# AMD64 multilib yes or not

## enrico3791

I'm about to install Gentoo an my AMD64 computer. I red about multilib, but I didn't understood the benefit or disadvantages.

Could you please help me.

The computer will be used as normal desktop: internet browsing, e-mail, e-mule,...

Thanks

Enrico

----------

## bjlockie

multilib allows you to run both 64 and 32 bit programs.

The 64 and 32 bit libraries are compiled.

Using multilib guarantees everything will work.

That said, most programs run fine in 64 bit mode (except grub).

I would install it for a new install and then migrate off it if you want.

----------

## prometheanfire

For desktop I tend to go with multilib, for servers, no-multilib.

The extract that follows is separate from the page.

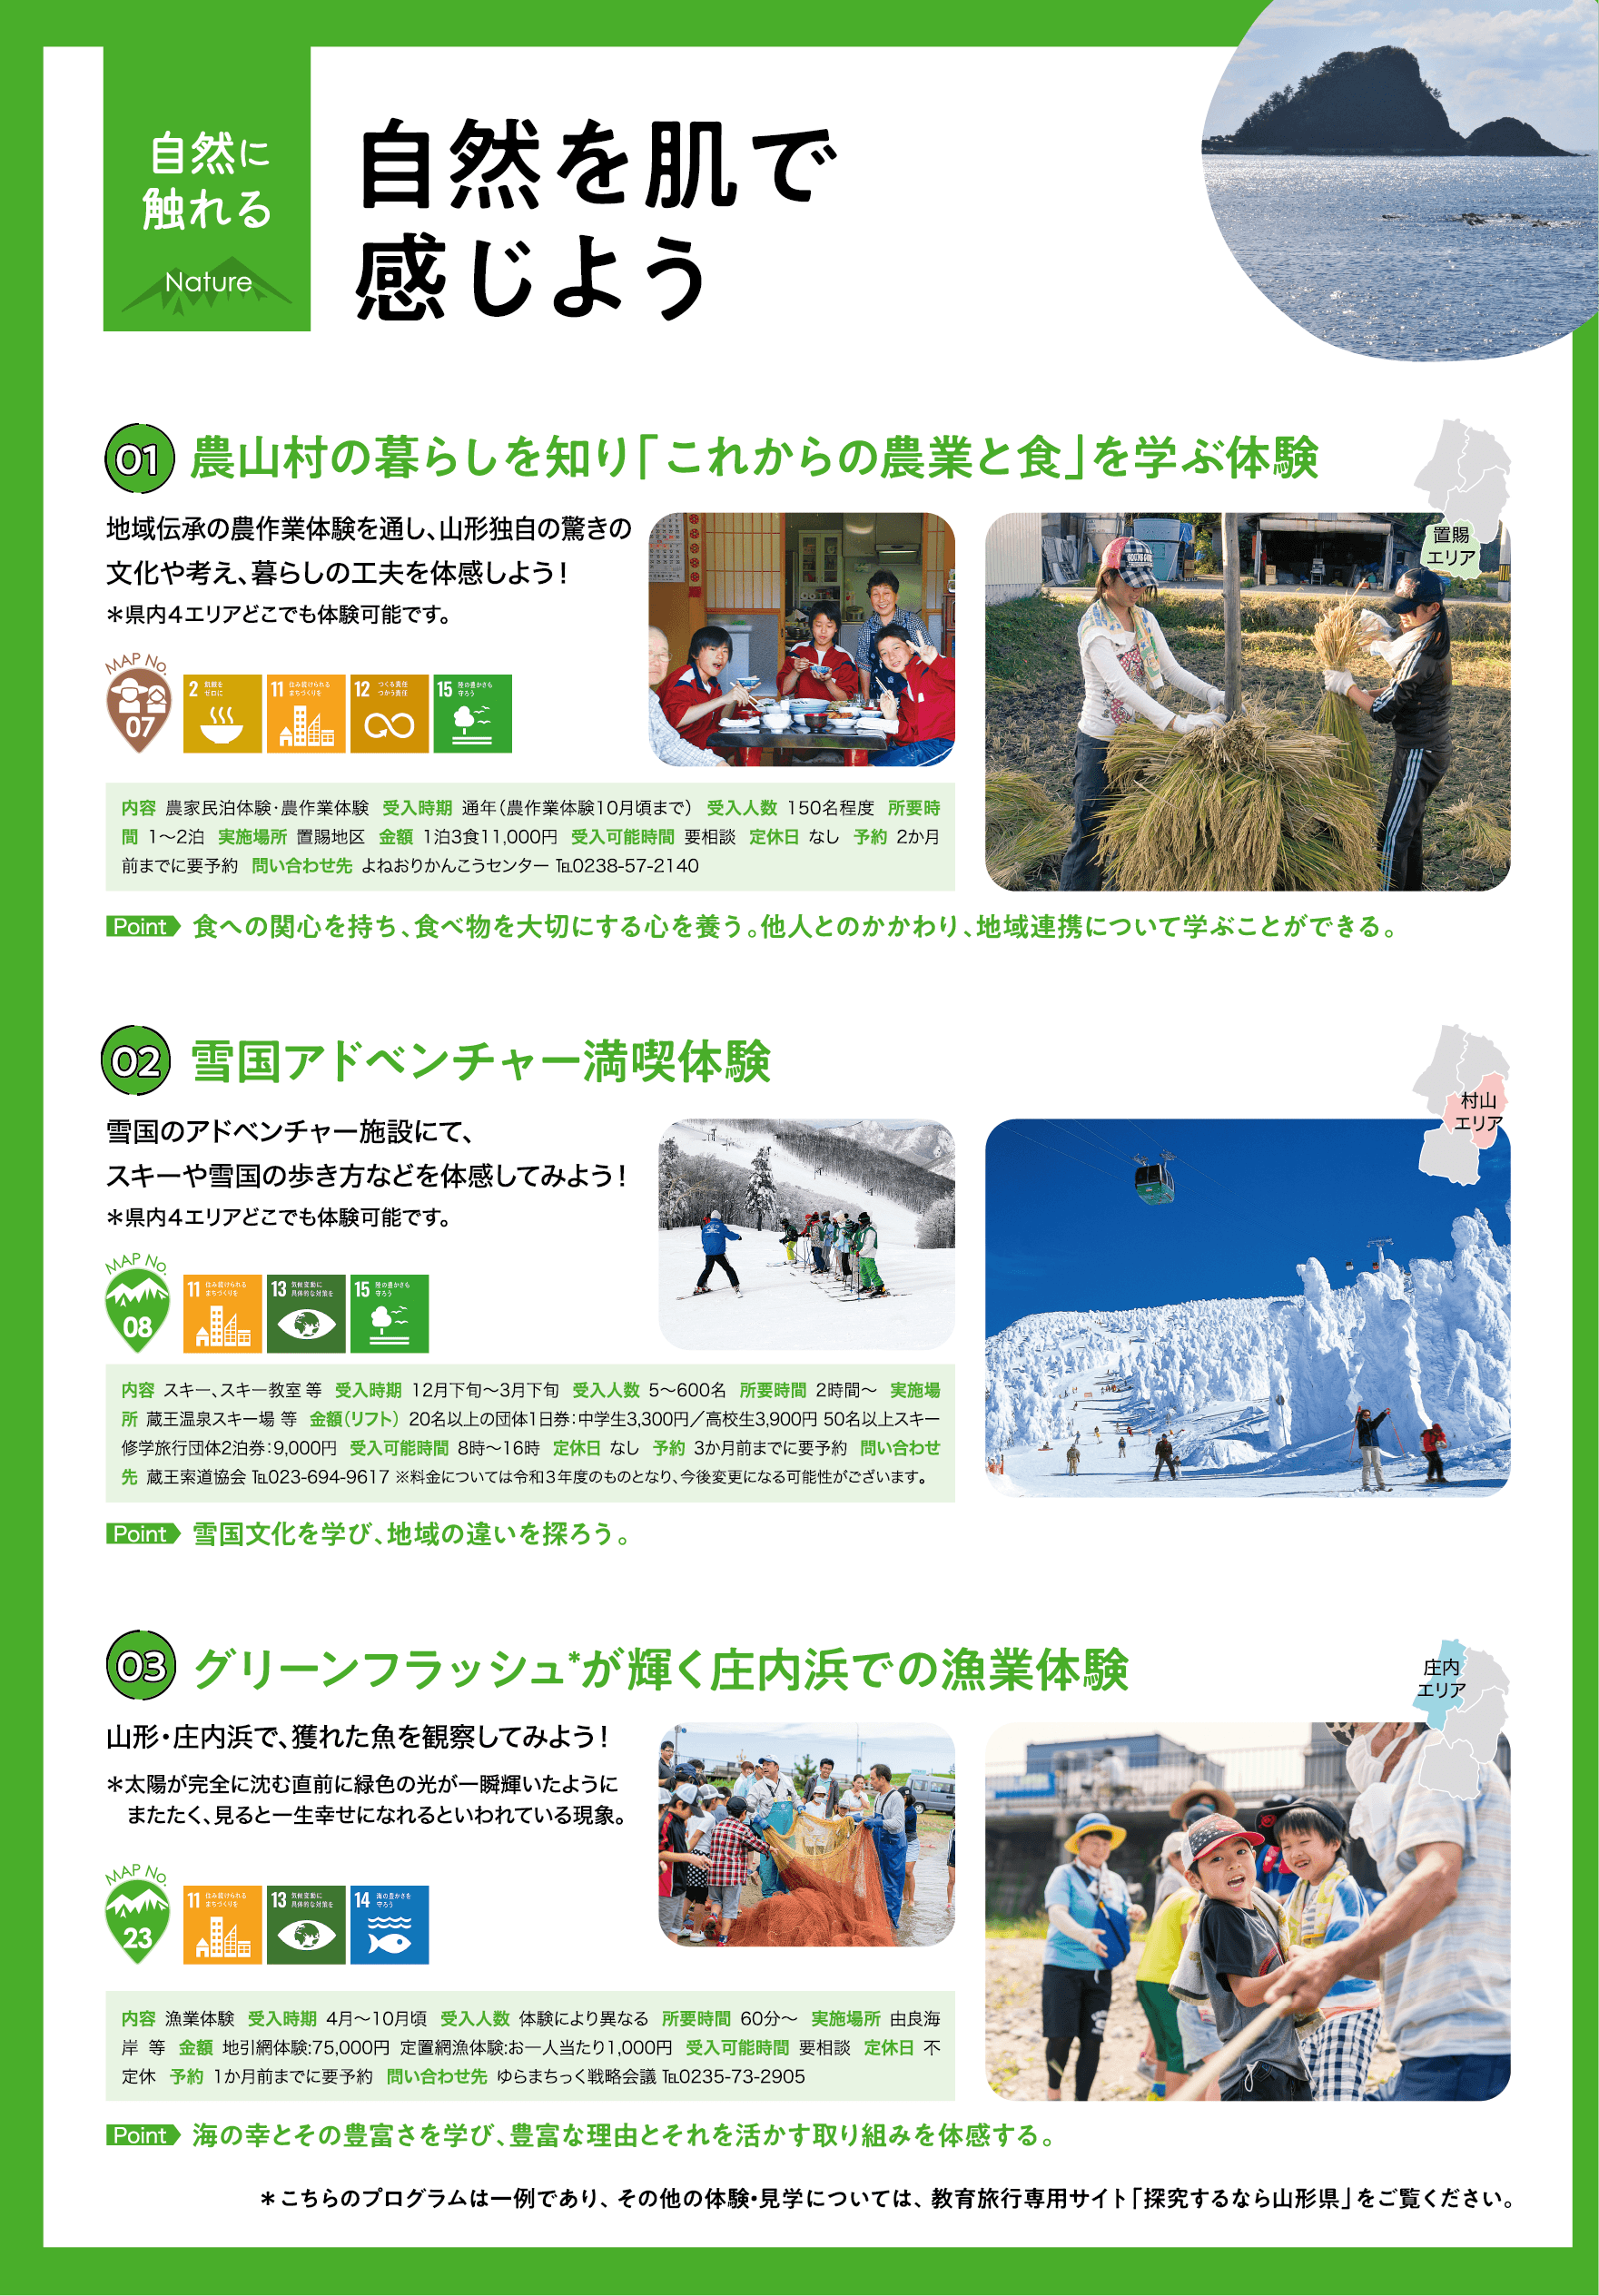 山形県探究マップ
パンフレット

In general most things work on nomultilib but there will always be that one program.

----------

## kite14

 *mthode wrote:*   

> In general most things work on nomultilib but there will always be that one program.

 

I agree. Especially binary programs may require 32-bit libraries: the first one that comes to mind is Google Earth, but there could be more...

----------

## wswartzendruber

I chose to go without multilib and have since regretted it...greatly.

----------

## hephooey

I do not have multilib but I have a 32bit chroot environment, so whenever I need to run 32bit programs I can use schroot, it also could serve as a testbed of new softwares. The only disadvantage I can see is the disk space, but hard drives are so cheap nowadays...

----------

## bjlockie

 *wswartzendruber wrote:*   

> I chose to go without multilib and have since regretted it...greatly.

 

What program do you need?

I don't run multilib and everything I use, works fine.

----------

## wswartzendruber

 *bjlockie wrote:*   

>  *wswartzendruber wrote:*   I chose to go without multilib and have since regretted it...greatly. 
> 
> What program do you need?
> 
> I don't run multilib and everything I use, works fine.

 

Android SDK

----------